### Supplied data
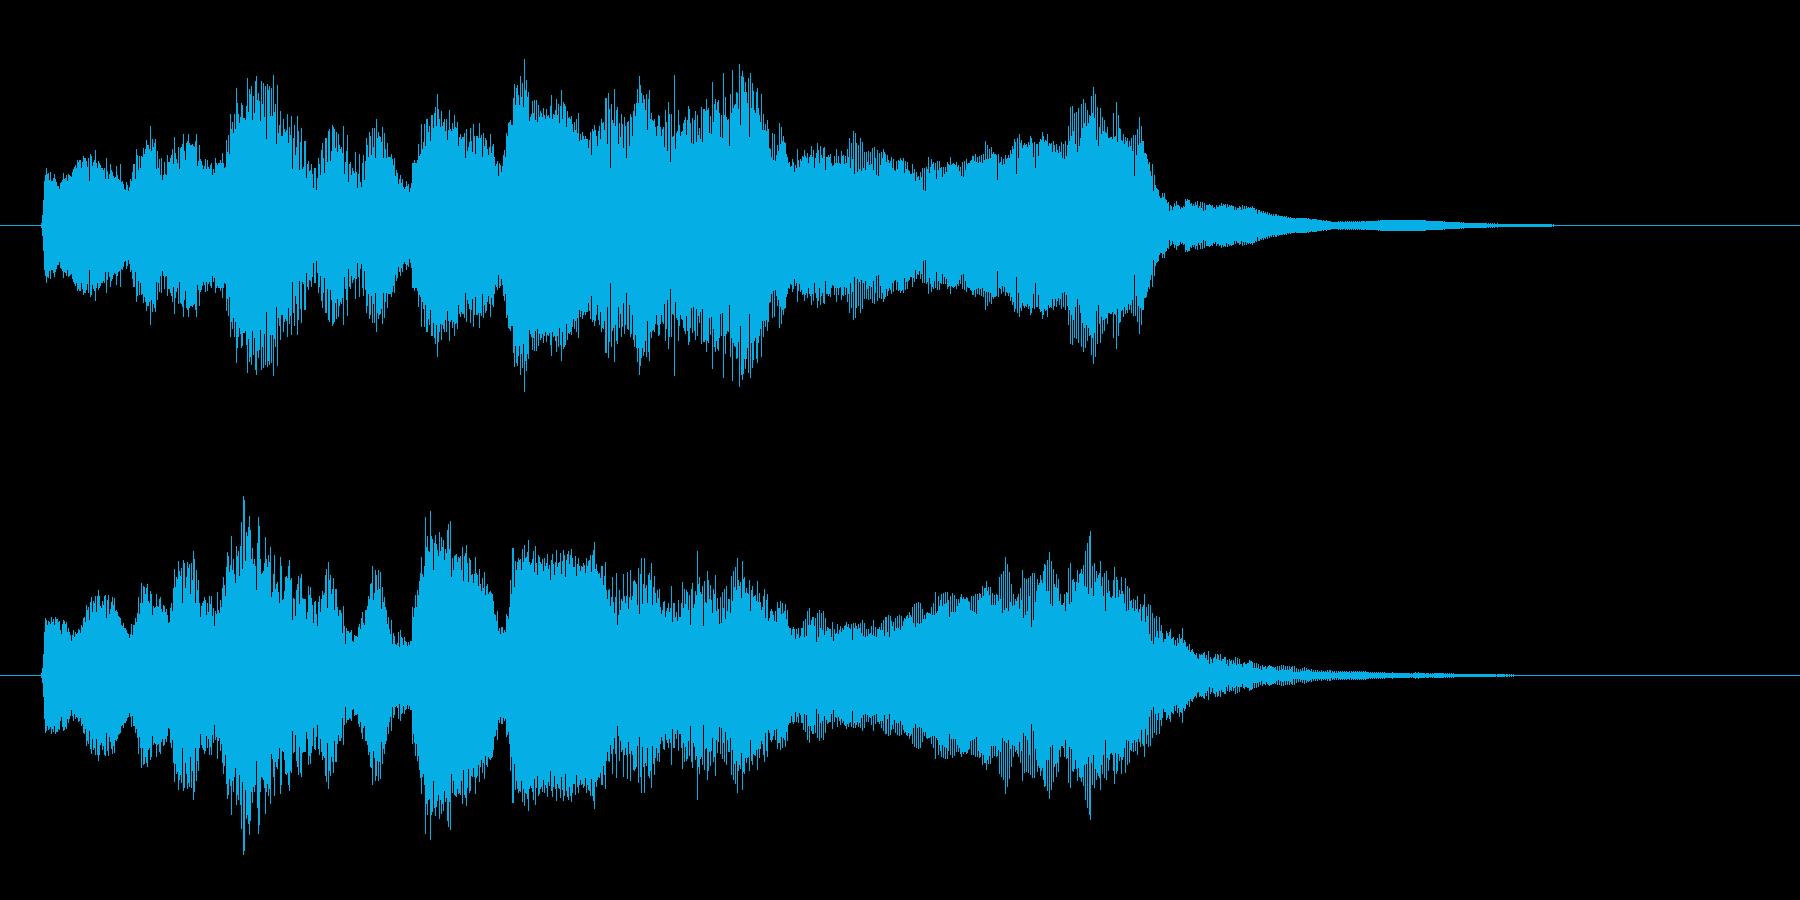 【ジングル】朝を感じさせるオーケストラ曲の再生済みの波形
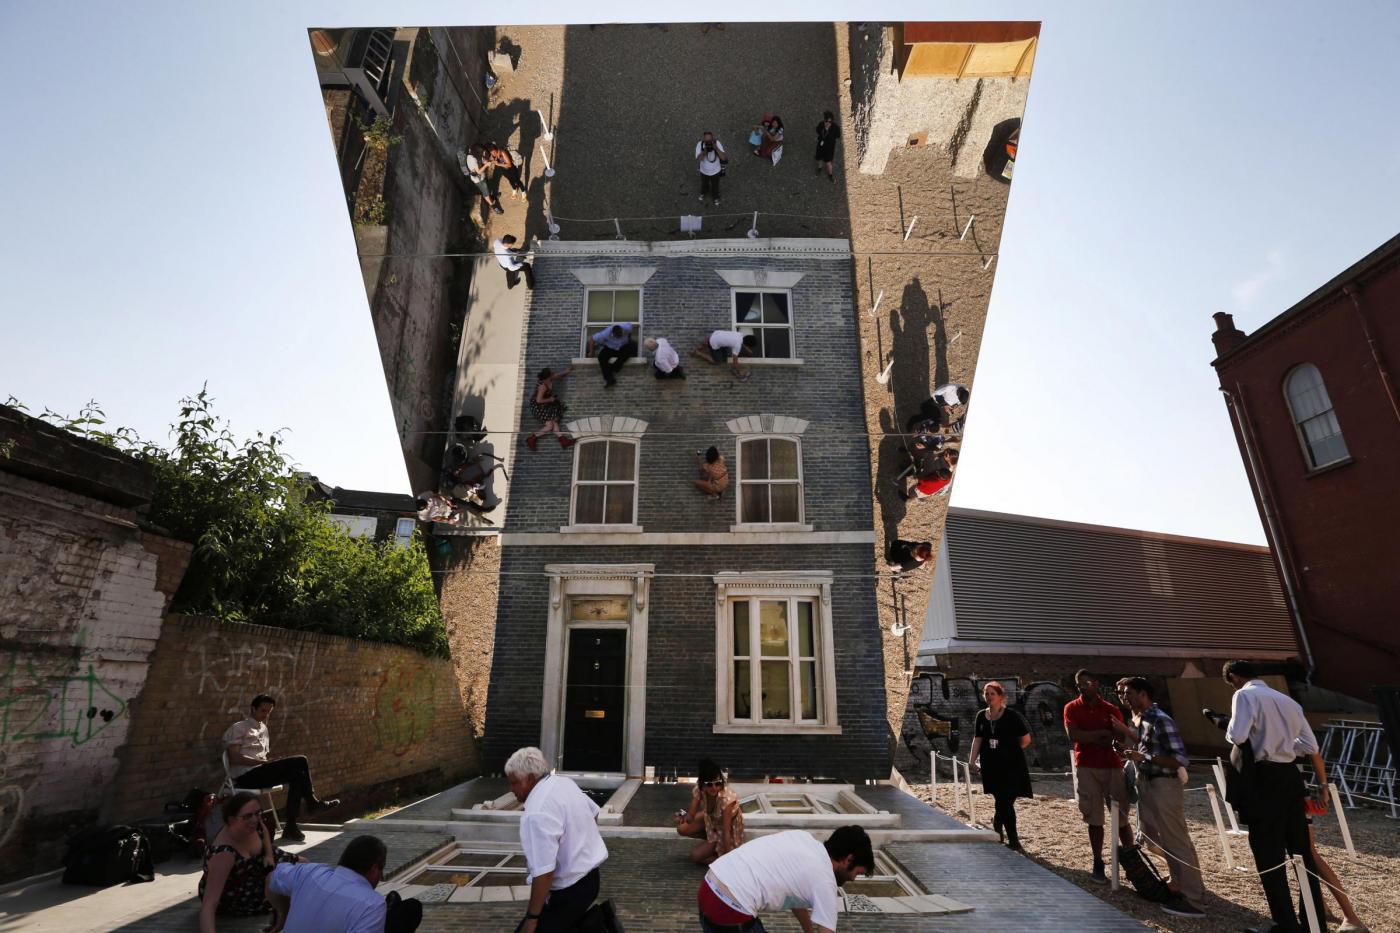 Londra la casa degli specchi di leandro erlich foto - Specchi in casa ...
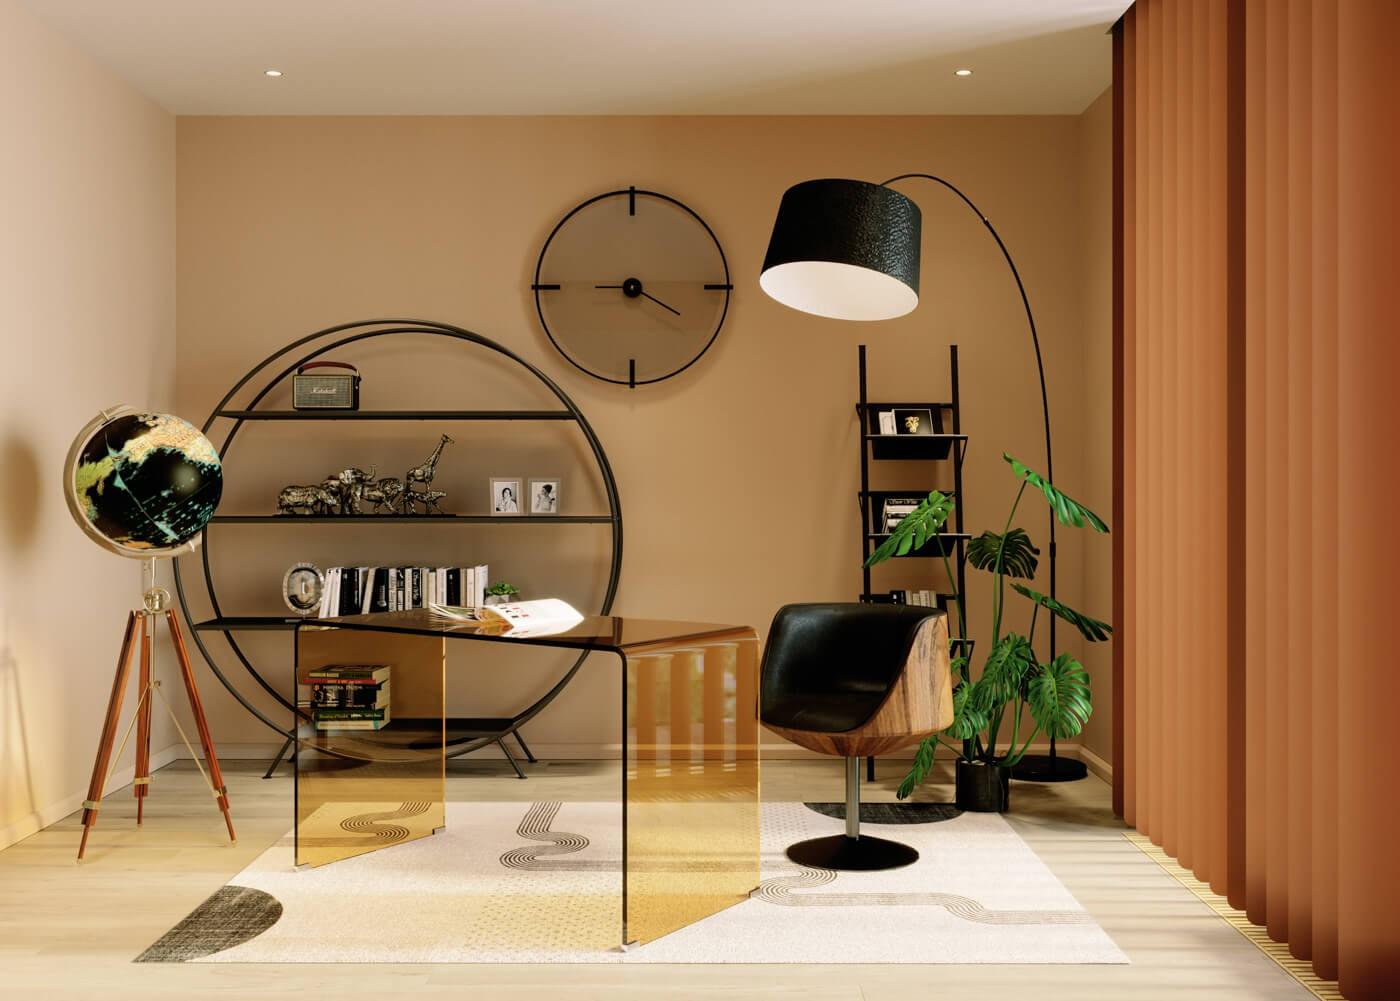 Bureau en verre coloré marron

### Exercise aim
What is needed is every line of the data above, set down exactly but with the images left out.

### Solution to this task
 【ジングル】朝を感じさせるオーケストラ曲の再生済みの波形
 Londra la casa degli specchi di leandro erlich foto - Specchi in casa ...
 Bureau en verre coloré marron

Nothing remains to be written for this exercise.